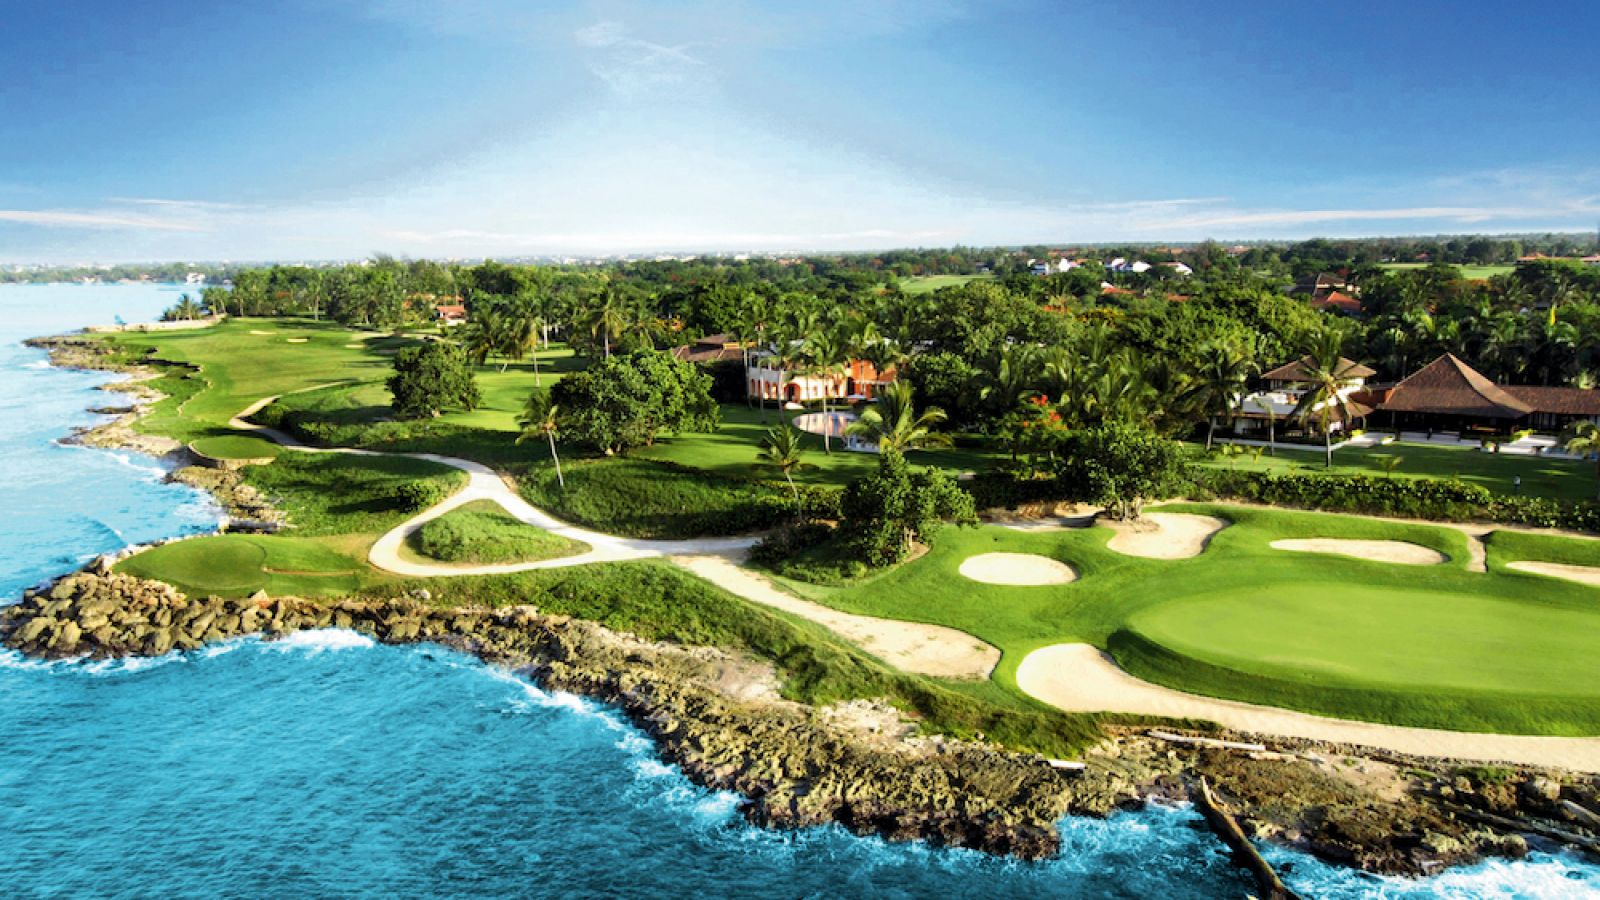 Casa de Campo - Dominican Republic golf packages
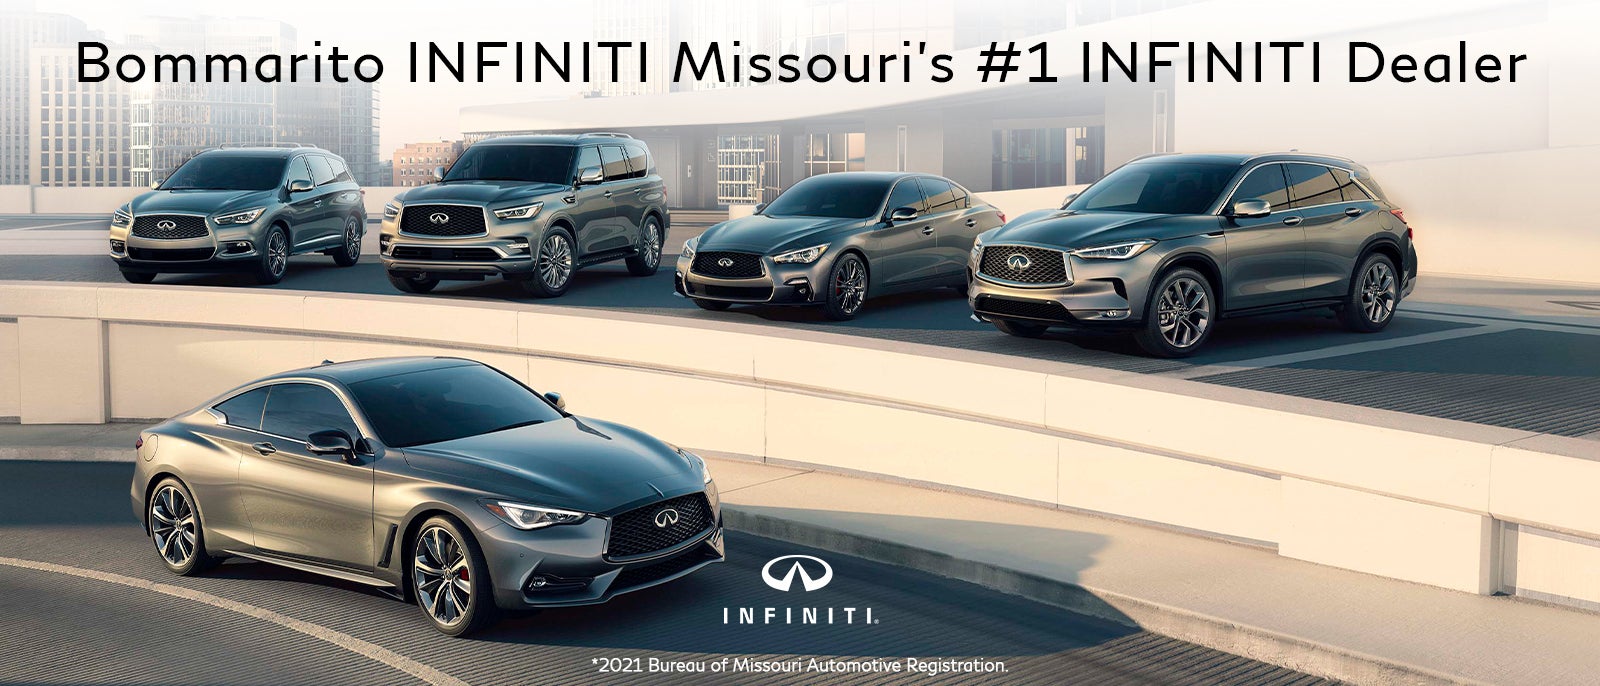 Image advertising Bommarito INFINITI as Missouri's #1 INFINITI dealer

...

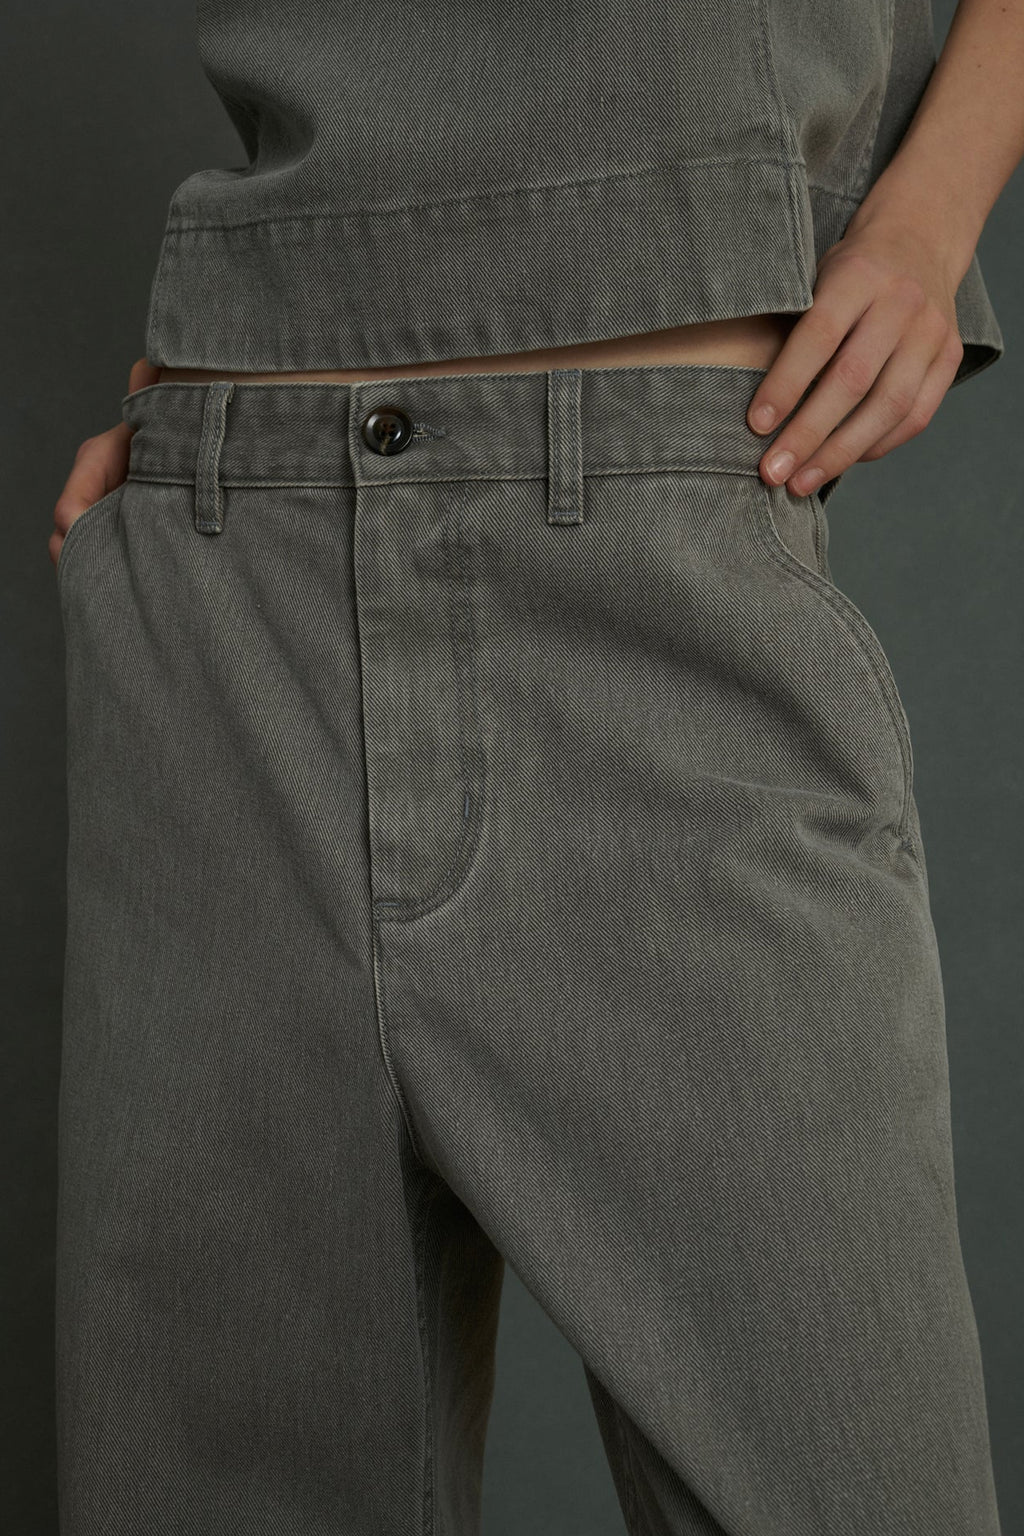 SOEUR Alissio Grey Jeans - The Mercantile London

◆ WHAT THE TASK ASKS
Everything above from the line containing "Casa de Campo" down to the line containing "Image advertising Bommarito" is to be duplicated exactly, both lines included, and the pictures are to be omitted.

◆ ANSWER BOX
 Casa de Campo - Dominican Republic golf packages
 Image advertising Bommarito INFINITI as Missouri's #1 INFINITI dealer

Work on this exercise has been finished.